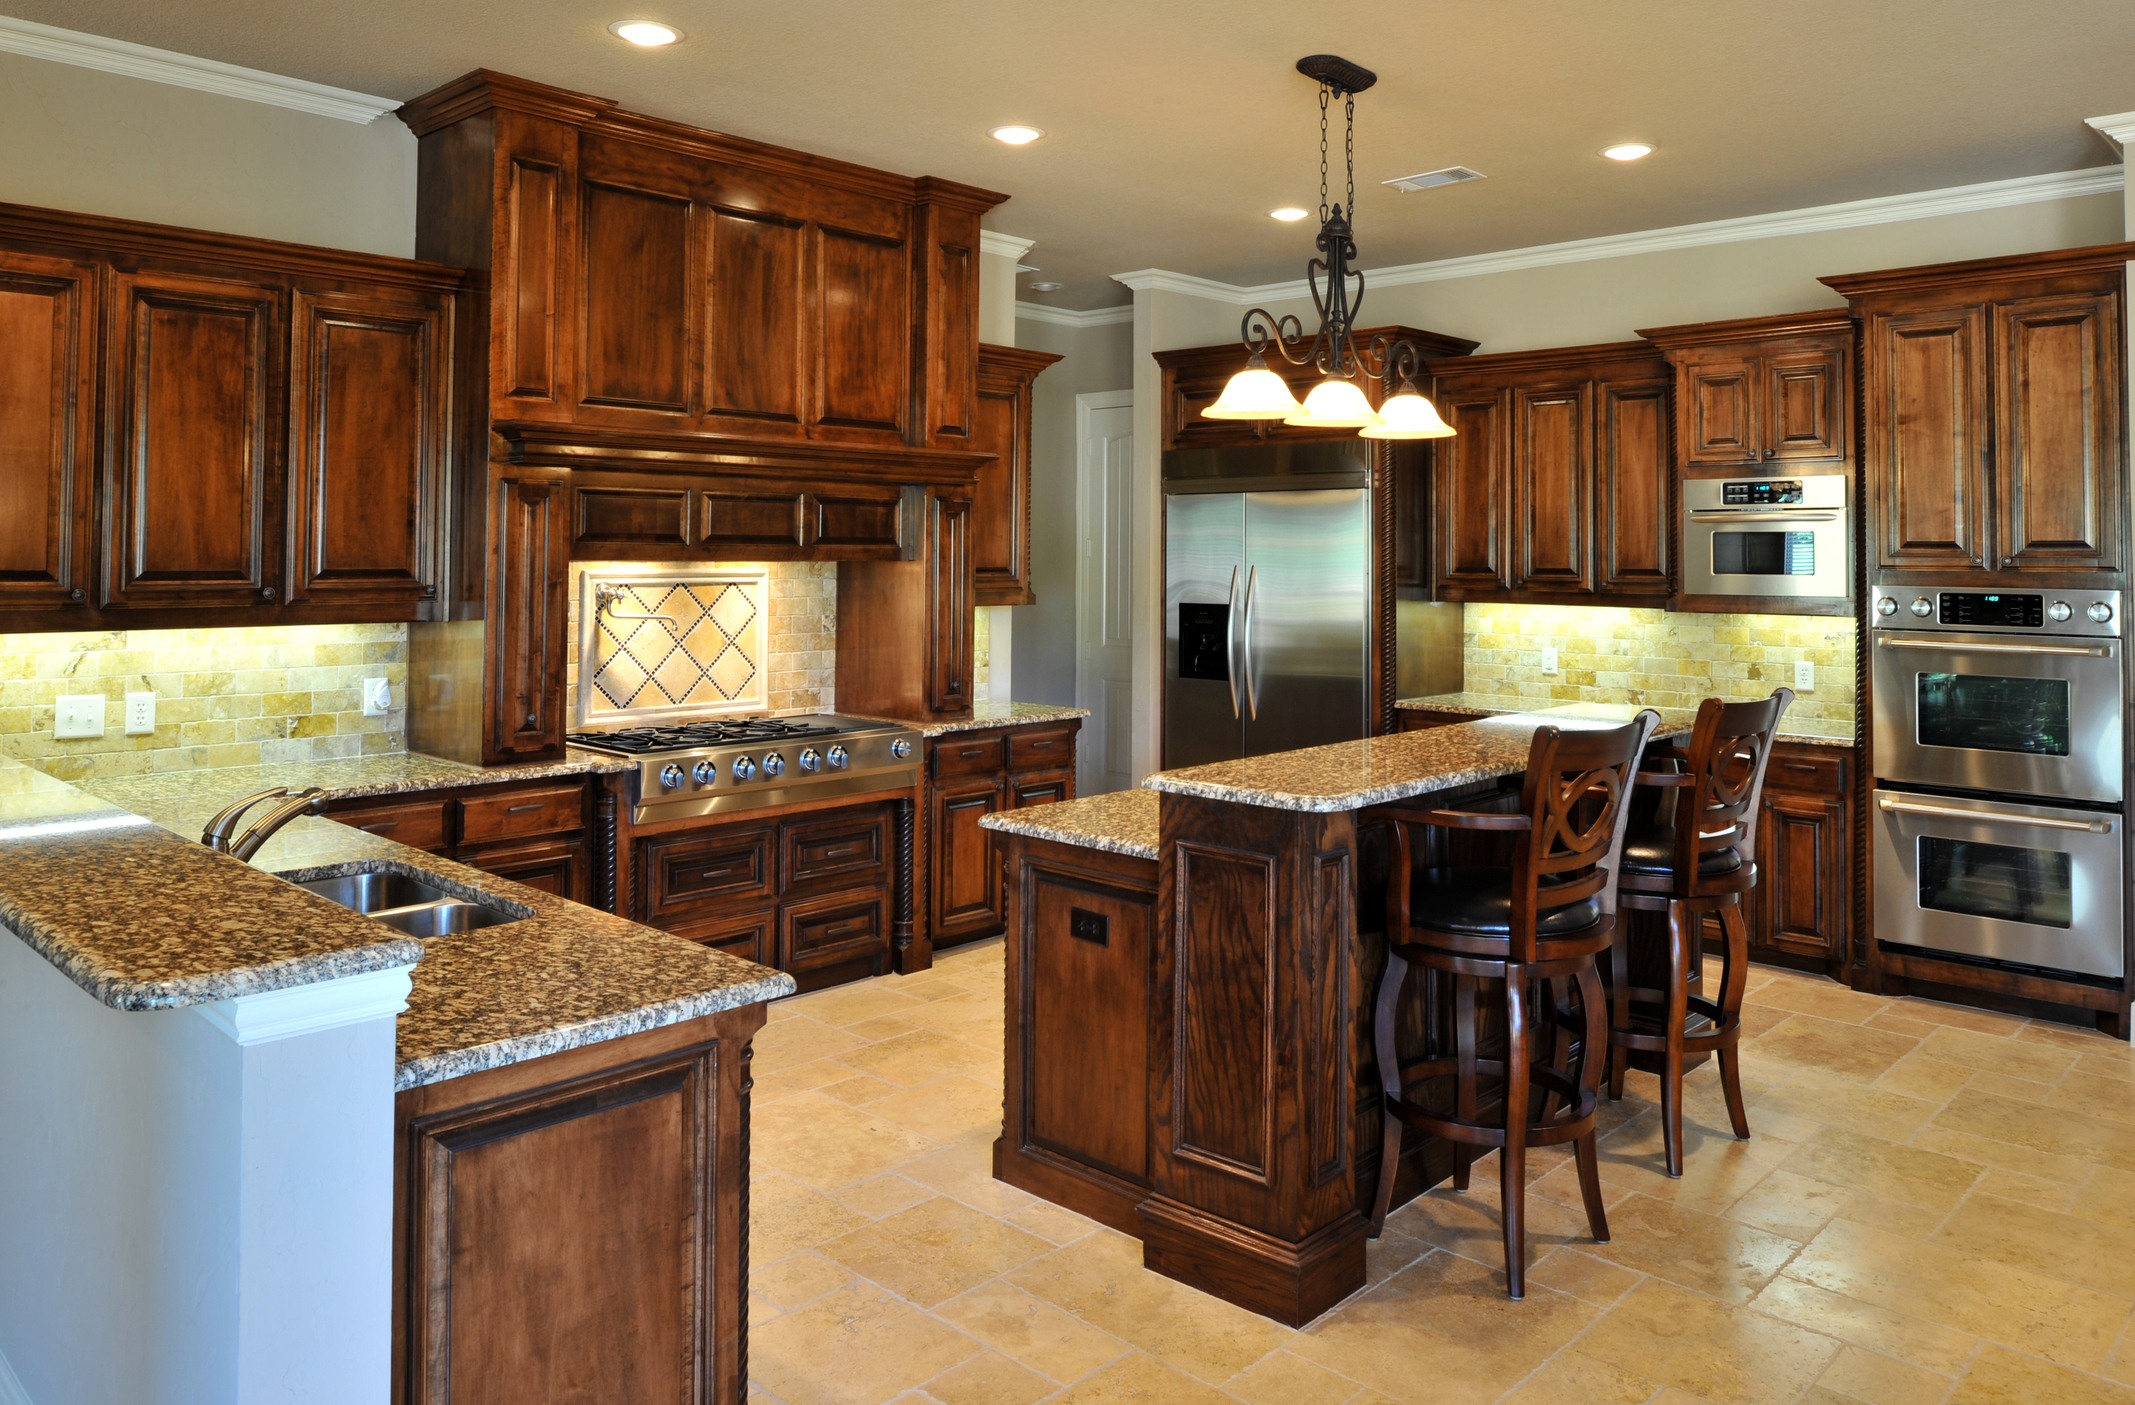 Spacious kitchen with wooden cabinets, granite countertops, stainless steel appliances, and an island with bar stools. Chandeliers hang from the ceiling
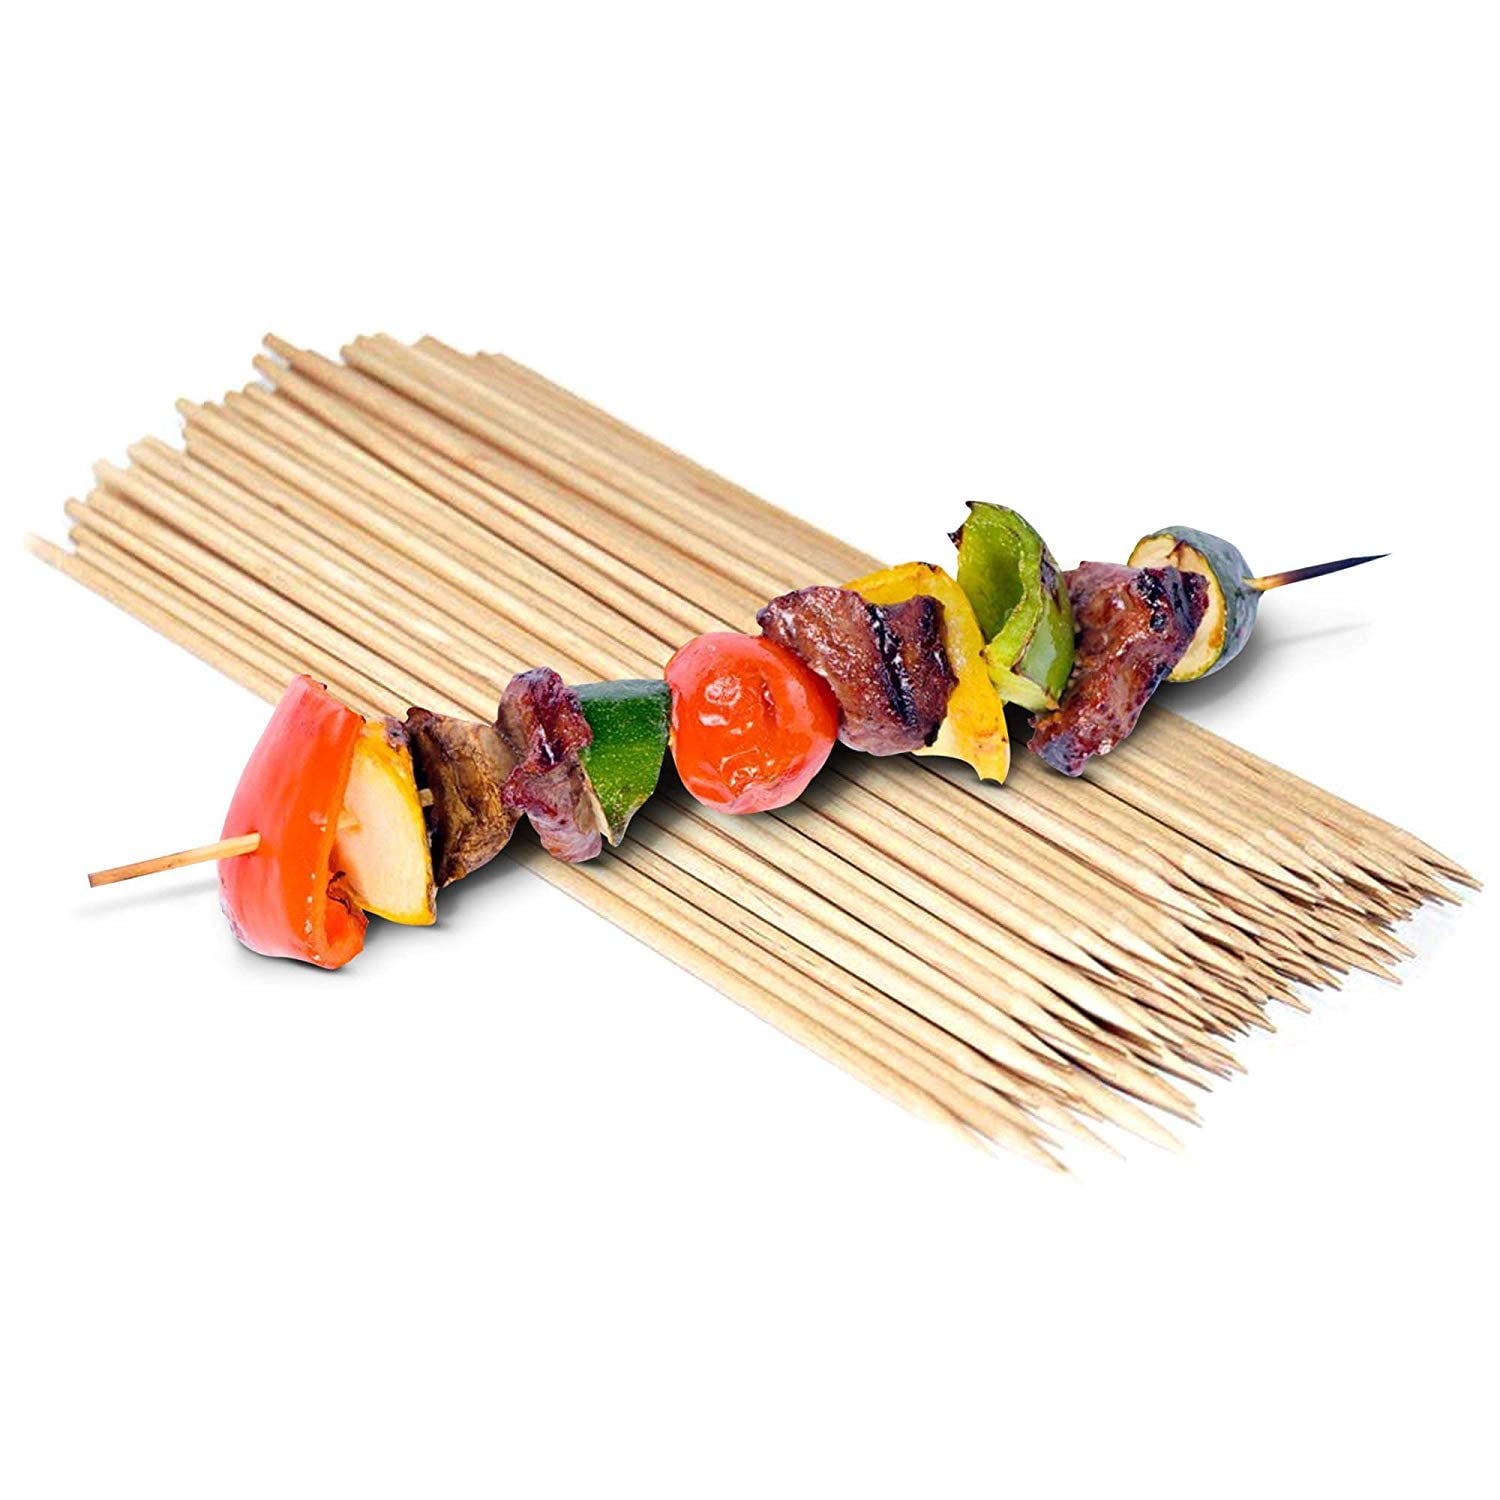 100 Pack Skewers,Bamboo Skewers for Grilling,BBQ,Fruit Kitchen,Party,Chocolate 
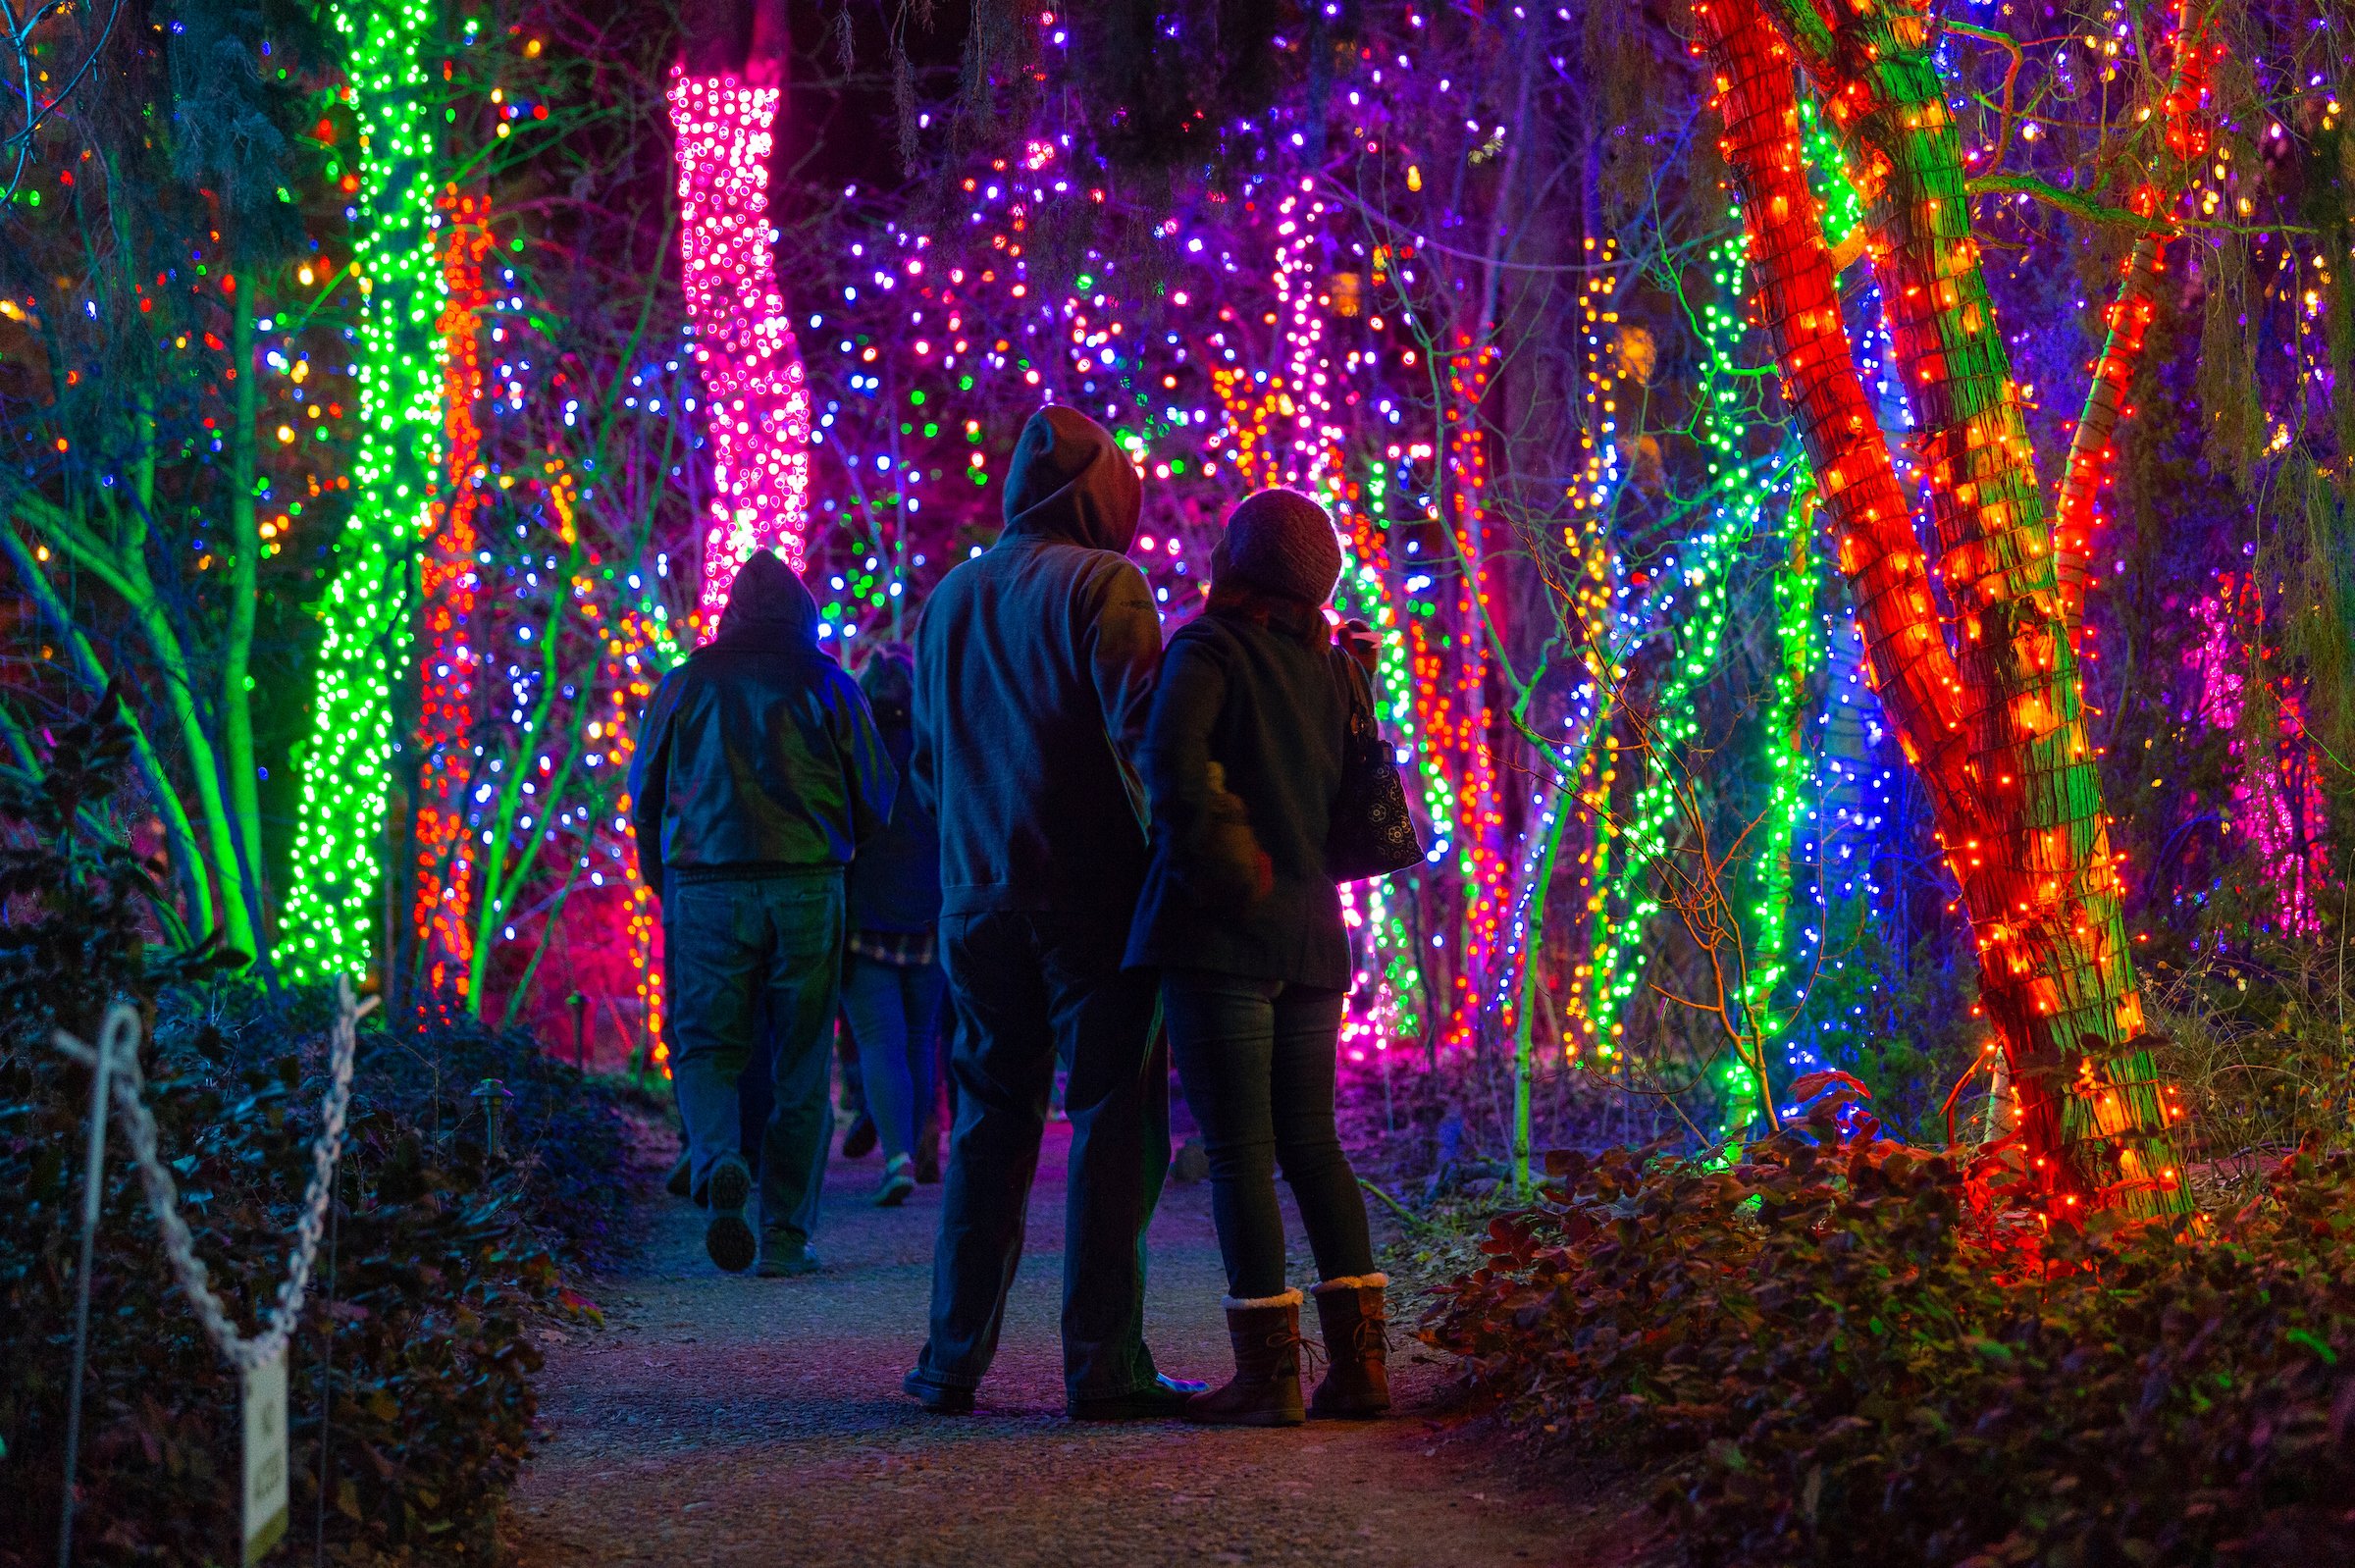 Denver Botanic Gardens on Twitter: "Tickets are now on for Blossoms of Light! tickets each night, will sell out in advance. The event takes place nightly November 29 - January

◆ TASK TO COMPLETE
Each line of the data above is to be output exactly; the pictures are not to appear.

◆ EXERCISE RESULT
 Spacious kitchen with wooden cabinets, granite countertops, stainless steel appliances, and an island with bar stools. Chandeliers hang from the ceiling
 100 Pack Skewers,Bamboo Skewers for Grilling,BBQ,Fruit Kitchen,Party,Chocolate 
 Denver Botanic Gardens on Twitter: "Tickets are now on for Blossoms of Light! tickets each night, will sell out in advance. The event takes place nightly November 29 - January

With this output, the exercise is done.